Deep learning is primarily a study of multi-layered neural networks, spanning over a great range of model architectures. We cover the basic following content in theory and in practice. We adapt the content, especially in the last lectures, based on the latest advances:

Introduction to deep learning. A brief introduction of deep learning. History, recent trends.
Deep feedforward network. Neural networks are complex cascades of simple building blocks. We learn the basic idea that creates complexity out of simplicity.
Optimisation. Since neural networks are notoriously difficult to train, we will deepen our understanding of how to optimise them both theoretically and practically.
Deep Learning Regularisation. A central problem in machine learning is how to make an algorithm that will perform well not just on the training data, but also on new inputs. Many strategies used in machine learning are explicitly designed to reduce the test error, possibly at the expense of increased training error. These strategies are known collectively as regularisation.
Convolutional neural networks (CNN). The driving force behind the popularity of deep learning. CNNs have their main application in image recognition, object detection, automatic text translation, and speech recognition. We learn the basics as well as the latest models that are used by all academia and the tech giants.
Modern convolutional neural networks. These models include AlexNet, the first large-scale, modern convolutional network that wins the champion on a large-scale vision challenge; the VGG network (VGGnet), which is even deeper and makes use of a number of repeating blocks of elements; the GoogLeNet, which makes use of networks with parallel concatenations (GoogLeNet); residual networks (ResNet) which are currently the most popular go-to architecture today, and densely connected networks (DenseNet), which are expensive to compute but have set some recent benchmarks.
Transformers. The transformer model is a seq2seq model which uses attention in the encoder as well as the decoder, thus eliminating the need for RNNs, as we explain below. Transformers have been used for many (conditional) sequence generation tasks, such as machine translation, constituency parsing, music generation, protein sequence generation, abstractive text summarisation, image generation (treating the image as a rasterized 1d sequence), etc.
Graph neural networks. Traditionally, neural networks are applied to data with a well-specified and orderly structure, like images or text. With graph neural networks we learn how to harvest the power of deep learning on graph data, such as graphs extracted from social media, molecular graphs, and beyond.

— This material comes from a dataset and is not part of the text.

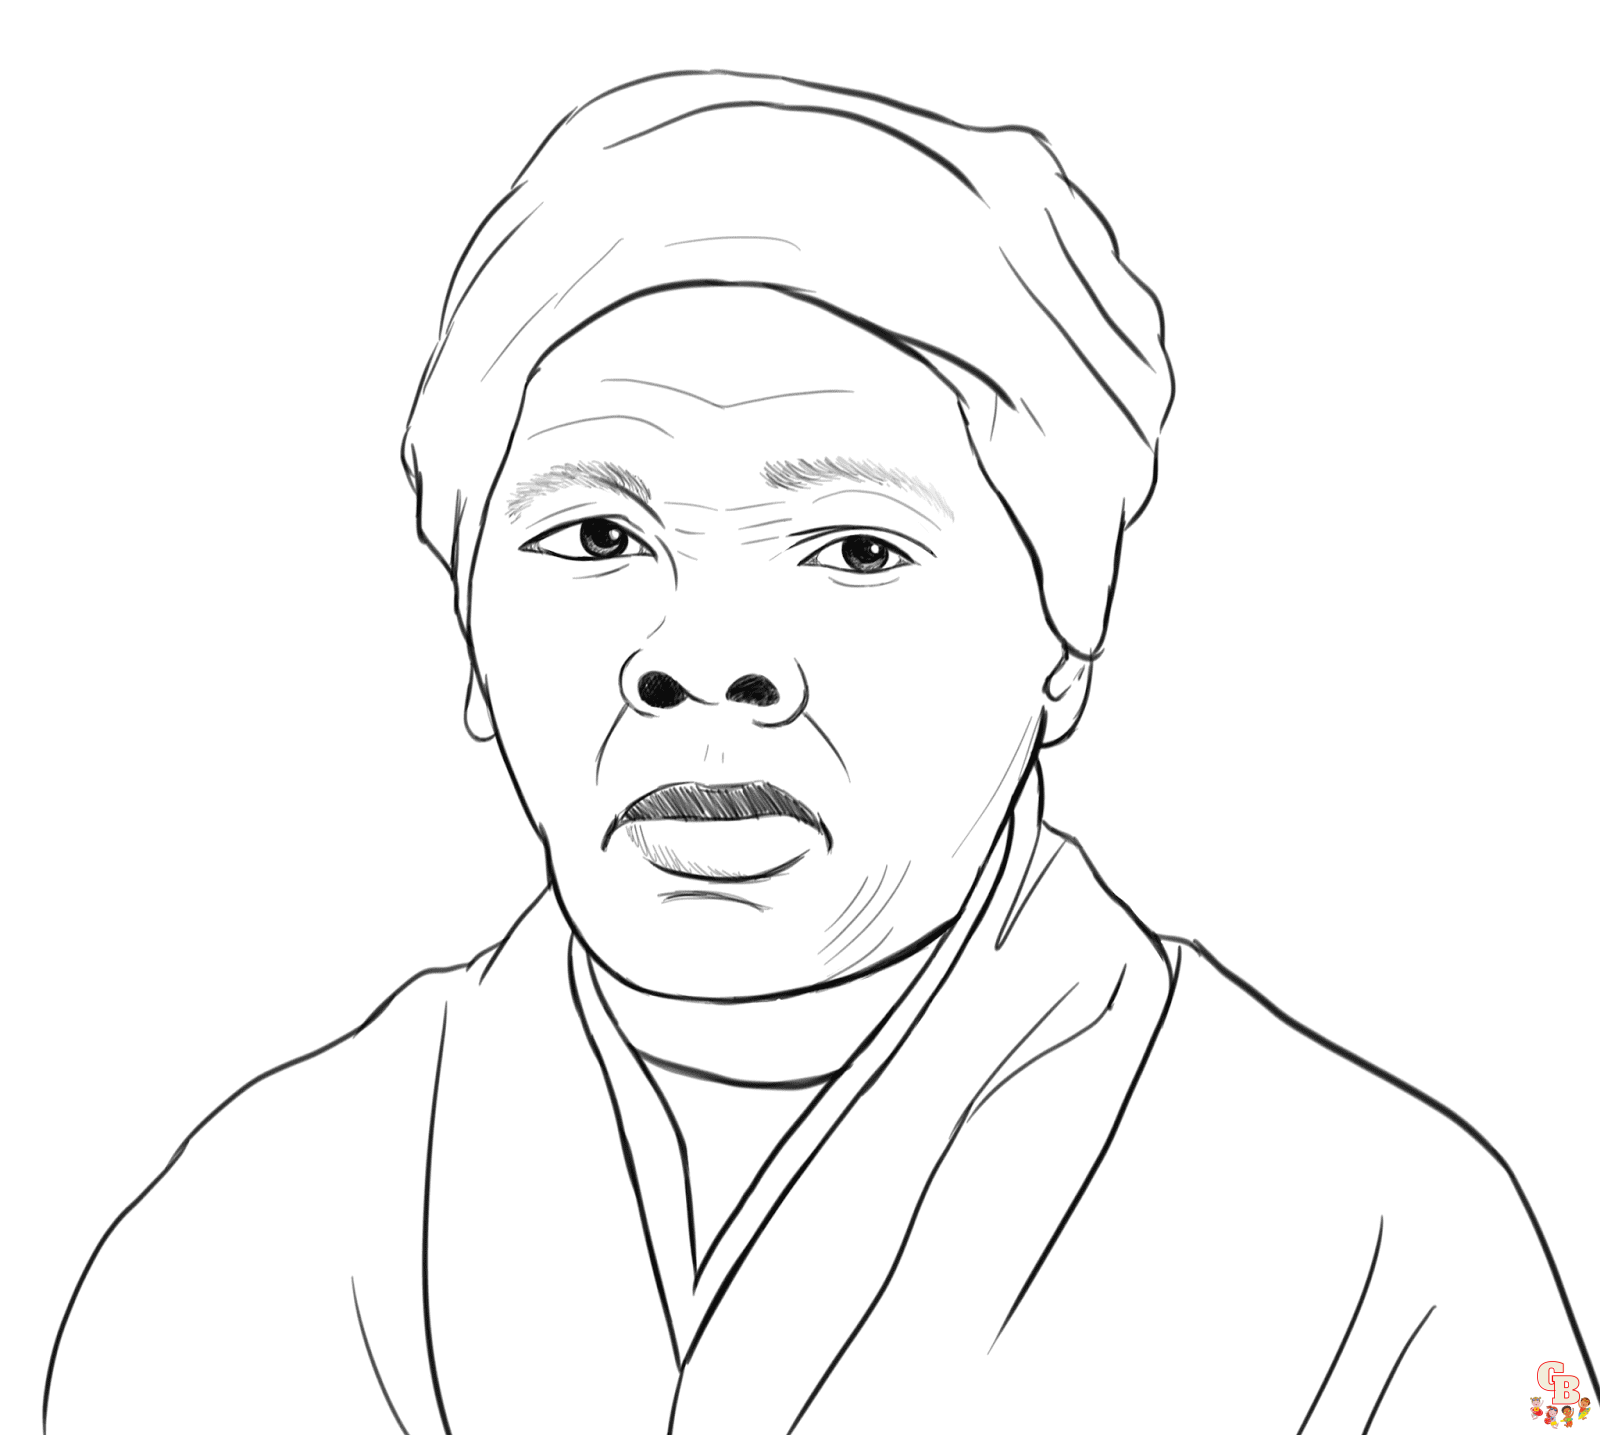 Harriet Tubman coloring pages free

Generative learning. One of the most impressive outputs of Deep Learning is algorithms that paint very realistic but fake data, such images of faces that never existed. Here, we will learn about different generations of generative learning algorithms, along with their connections and open problems.
Self-supervised Learning. Learning from raw data without annotations provides benefits as these methods can be applies to extremely large-scale data and offer other benefits. Starting from NLP, the methods in computer vision have tremendously matured and are diffusing into multiple applications.
Multi-modal Learning. Learning from multiple modalities has shown extremely promising results, especially for naturally paired data such as audio-video and human-constructed paired data such as images and their captions. We will learn about current approaches in this domain.
Open questions in deep learning. Deep learning continues to advance, but many questions remain open. We will discuss open questions ranging from continual learning to adversarial attack, as well as the open research questions regarding the geometric foundations of deep networks.